The token budget matters here. Apple’s on-device model has a tight combined limit for input and output tokens. Every word in your system prompt, tool descriptions, and conversation history eats into the space available for the response. Tool descriptions had to be compressed to single sentences. The system prompt was rewritten multiple times to stay under budget while keeping the model on track.

What “On-Device AI” Means for Privacy

Most finance apps that advertise AI features are sending your data to cloud APIs. Your transaction history, merchant names, amounts, categories, and spending patterns go to OpenAI, Anthropic, or Google’s servers. The app’s privacy policy might say the data is “used only for providing the service” or “not stored after processing,” but it still leaves your device.

Apple’s on-device approach is different because there’s no network call. The model runs on the Neural Engine. Your prompts are processed in local memory. Nothing is transmitted. This isn’t a privacy policy promise, it’s a technical architecture constraint. The data can’t leave because there’s nowhere for it to go.

For a finance app, this distinction matters. People have strong feelings about who sees their spending data. The on-device approach lets you offer AI features without the privacy compromise that typically comes with them.

The Honest Tradeoff

On-device AI is less capable than cloud AI. GPT-4 and Claude would produce better spending analyses, catch more nuanced patterns, and handle ambiguous queries more gracefully. If you don’t care about privacy and just want the smartest possible AI assistant, a cloud-connected app will give you that.

The tradeoff is genuine. You get privacy (your data never leaves your phone), speed (no network latency), and offline capability (works in airplane mode). You give up model capability, context window size, and the ability to handle complex reasoning tasks.

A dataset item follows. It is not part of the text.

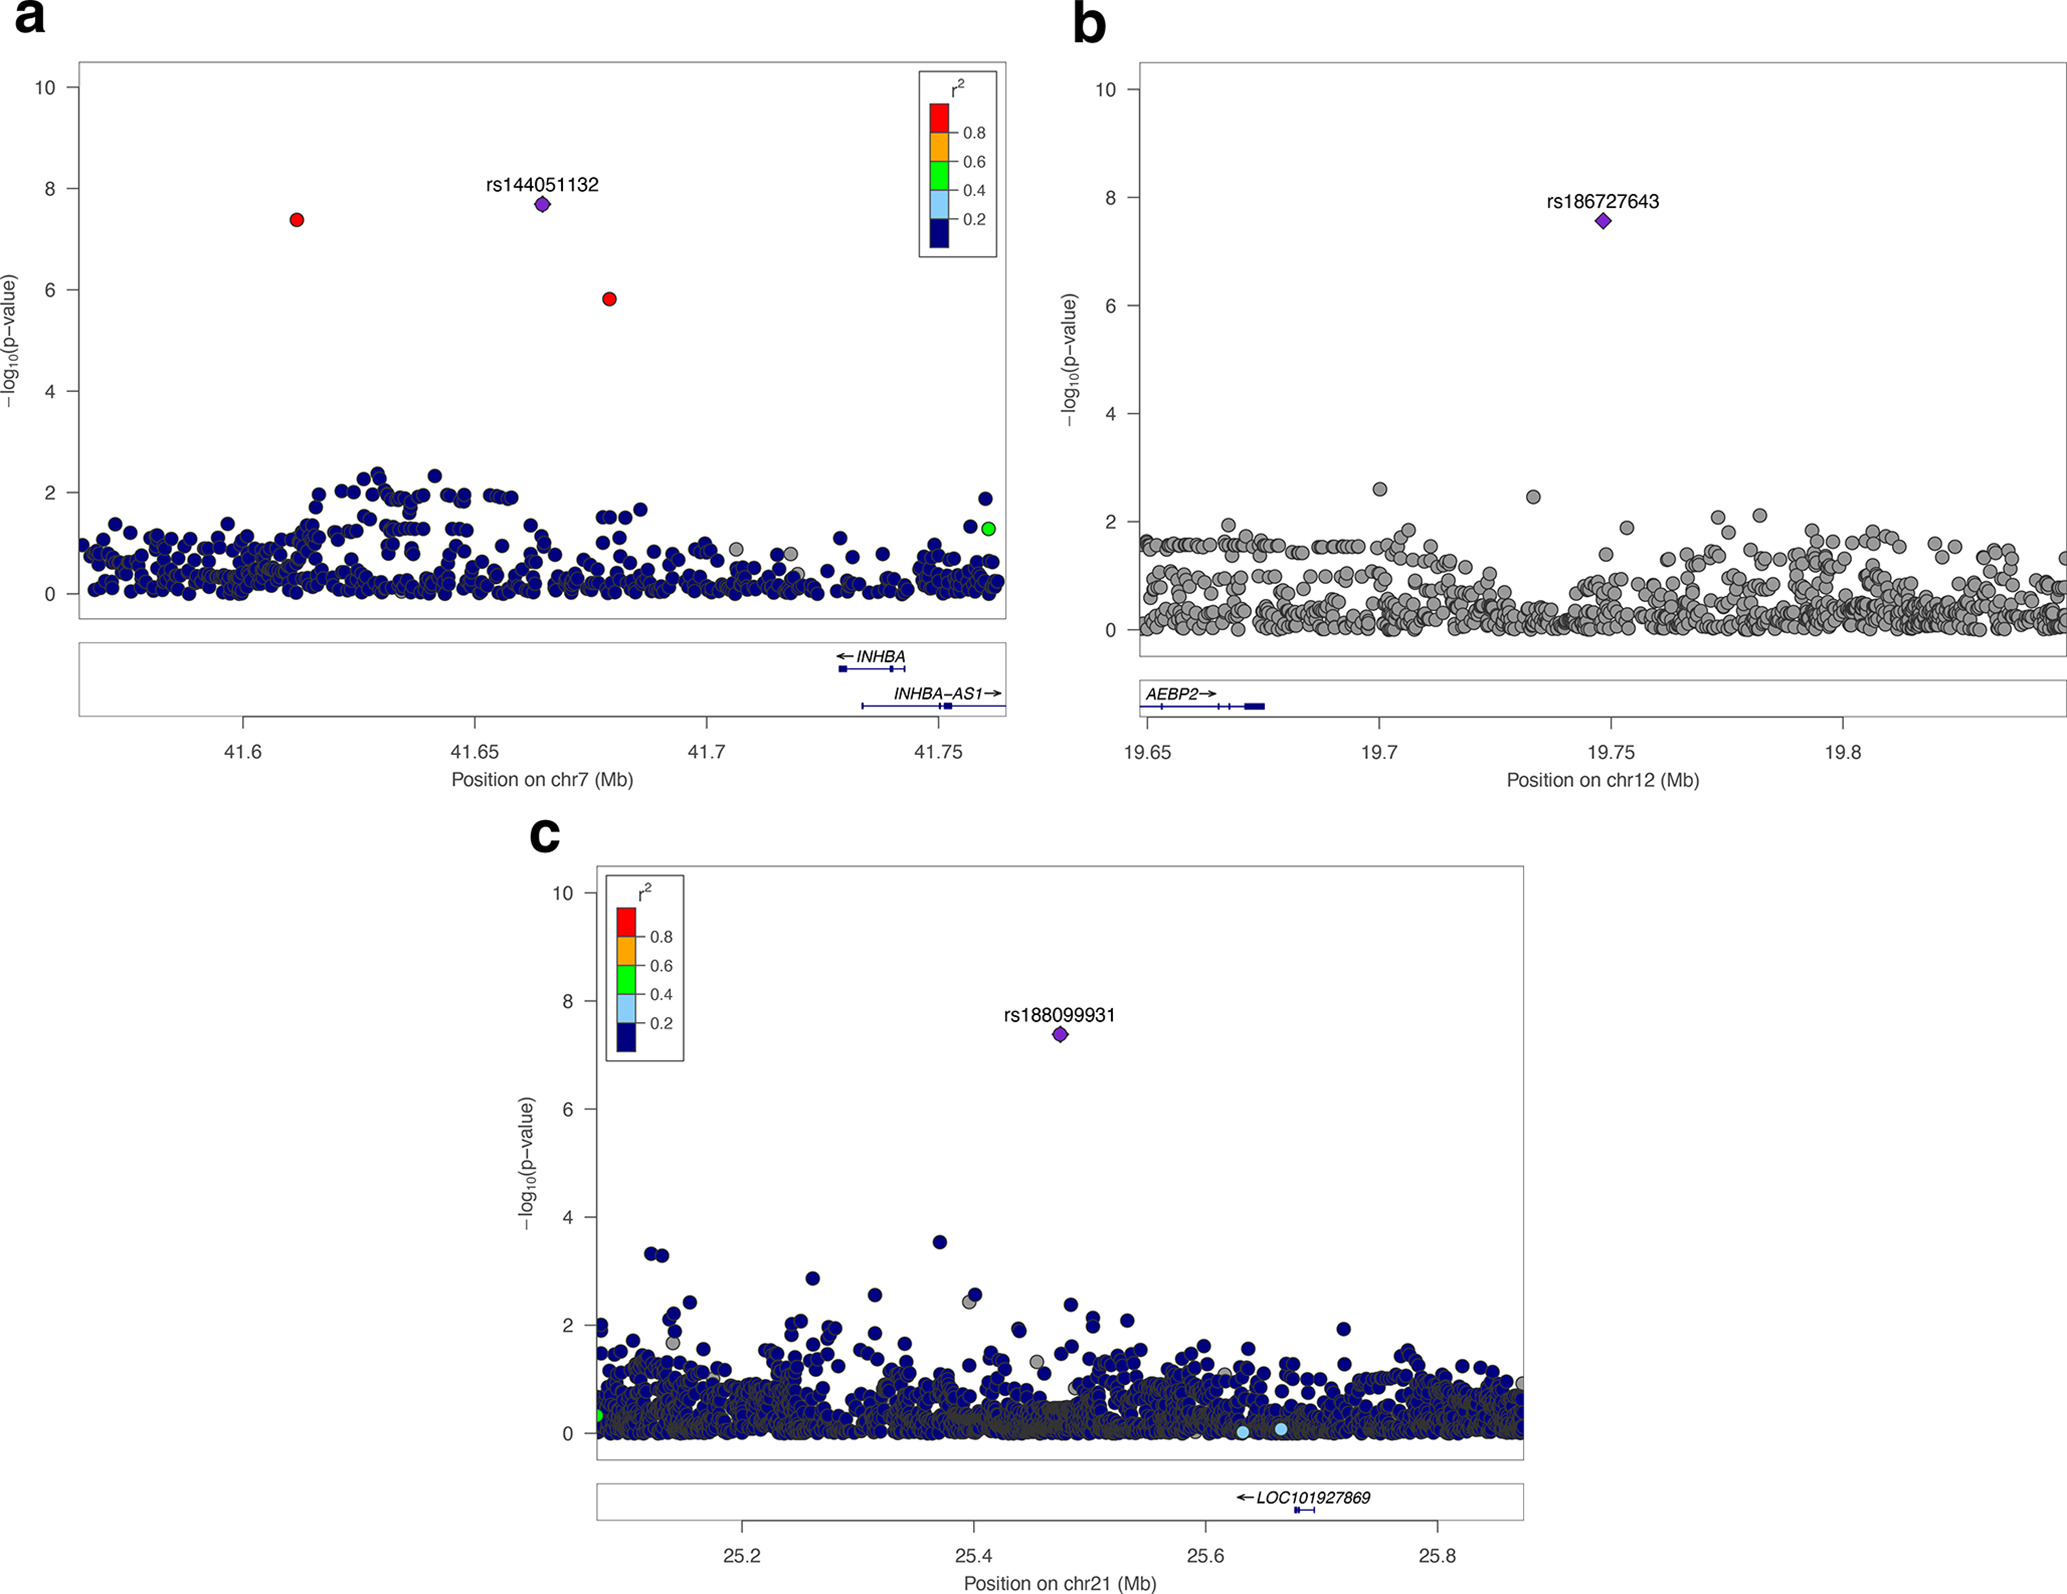 Fig. 1 
            Regional-association plots. Tested SNPs are arranged by genomic position around the lead SNP (purple diamond). The y-axis indicates -log10 p-values for association with ACL and PCL injury for each SNP. The color of dots of the flanking SNPs indicates their linkage disequilibrium (R2) with the lead SNP as indicated by the heat map color key. a) Regional-association plot for rs144051132 with ACL and PCL injury, which is located in the 3’ region of INHBA. b) Regional-association plot for rs186727643 with ACL and PCL injury, which is located in the 3’ region of the AEBP2 gene. c) Regional-association plot for rs188099931 with ACL and PCL injury, which is located in the 3’ region of the LOC101927869 gene.

For the specific use case of a spending assistant that answers factual questions about your own data, the on-device model is good enough. It categorizes accurately with constrained outputs. It routes queries to the right tools reliably. It formats responses clearly.

Where it falls short, the app compensates with traditional code. Charts, trends, budget calculations, and reports are all computed deterministically. The AI is a conversational interface to your data, not the system that processes it.

That’s probably the right framing for on-device AI in 2026. It’s a UI layer, not an intelligence layer. And for a finance app where accuracy matters more than cleverness, that’s fine.